3. There's no accountability whatsoever
This is one point Motley Fool co-founder David Gardner has made on numerous occasions: There's zero accountability for brokerage firms when assigning a rating to a company.
For this example I turn to Ariad Pharmaceuticals (NASDAQ: ARIA ) which has had a miserable month after a 24-month study turned up higher numbers than expected of arterial thrombosis (i.e., blood clots) in patients taking blood cancer drug Iclusig, and following its shelved study that would have greatly expanded Iclusig's uses. Shares are down 80% in just the past two-and-a-half weeks.
Before Ariad updated the status of its pipeline there were 24 brokerages covering the company -- nine with the equivalent of a "strong buy," 11 with a "buy" equivalent rating, and four with a "hold" equivalent. Guess what? All 24 would have lost you money if you had listened to them! In fact, Oppenheimer upgraded Ariad to "outperform" less than two weeks before the stock fell off a cliff.
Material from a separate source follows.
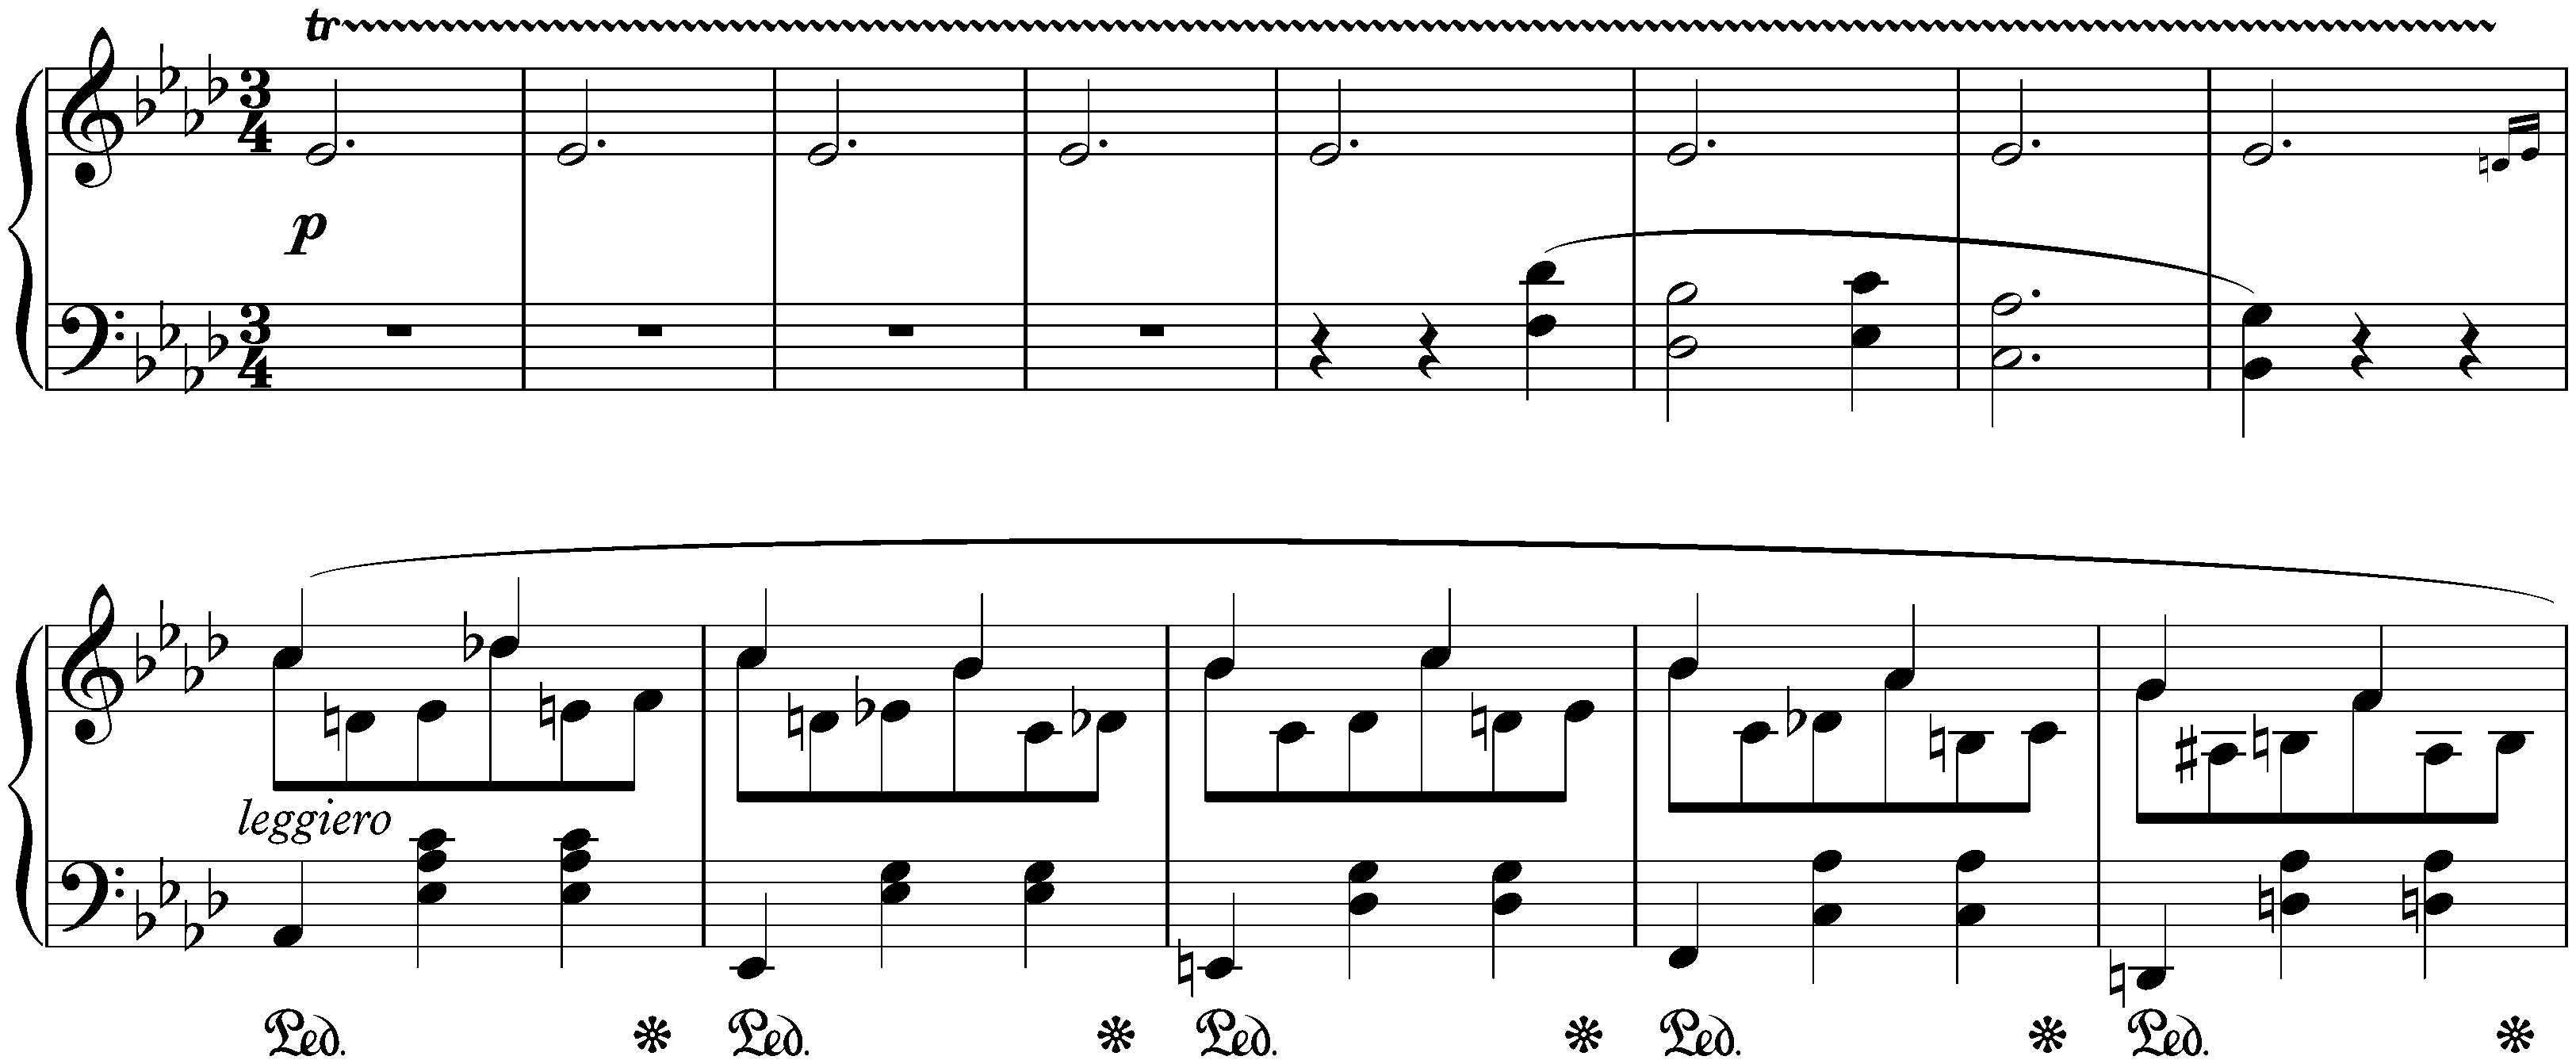 Valse in A-flat major, op. 42

Rather than suffer the indignity of admitting it was wrong, Oppenheimer chose on Oct. 10 to reiterate its outperform rating -- although it knocked its price target down 71% from $24 to $7. By comparison, Ariad has been two-star stock on The Motley Fool CAPS system for months, signaling the potential for underperformance.
What's the punishment for a brokerage that makes a wrong call? Absolutely nothing! The reason is that these brokerage firms aren't accountable to anyone, least of all the individual investor.
We at The Motley Fool, in addition to accepting a variety of opinions on a company, also keep public track records of our calls, both good and bad, so we can be accountable to the individual investor. You can see my CAPScall track record by clicking here, as well as my profile that details each and every stock I own here.
Ultimately, you're accountable for your own retirement, not these brokerage firms, so why should you listen to their stock ratings when they have no vested interest in your performance?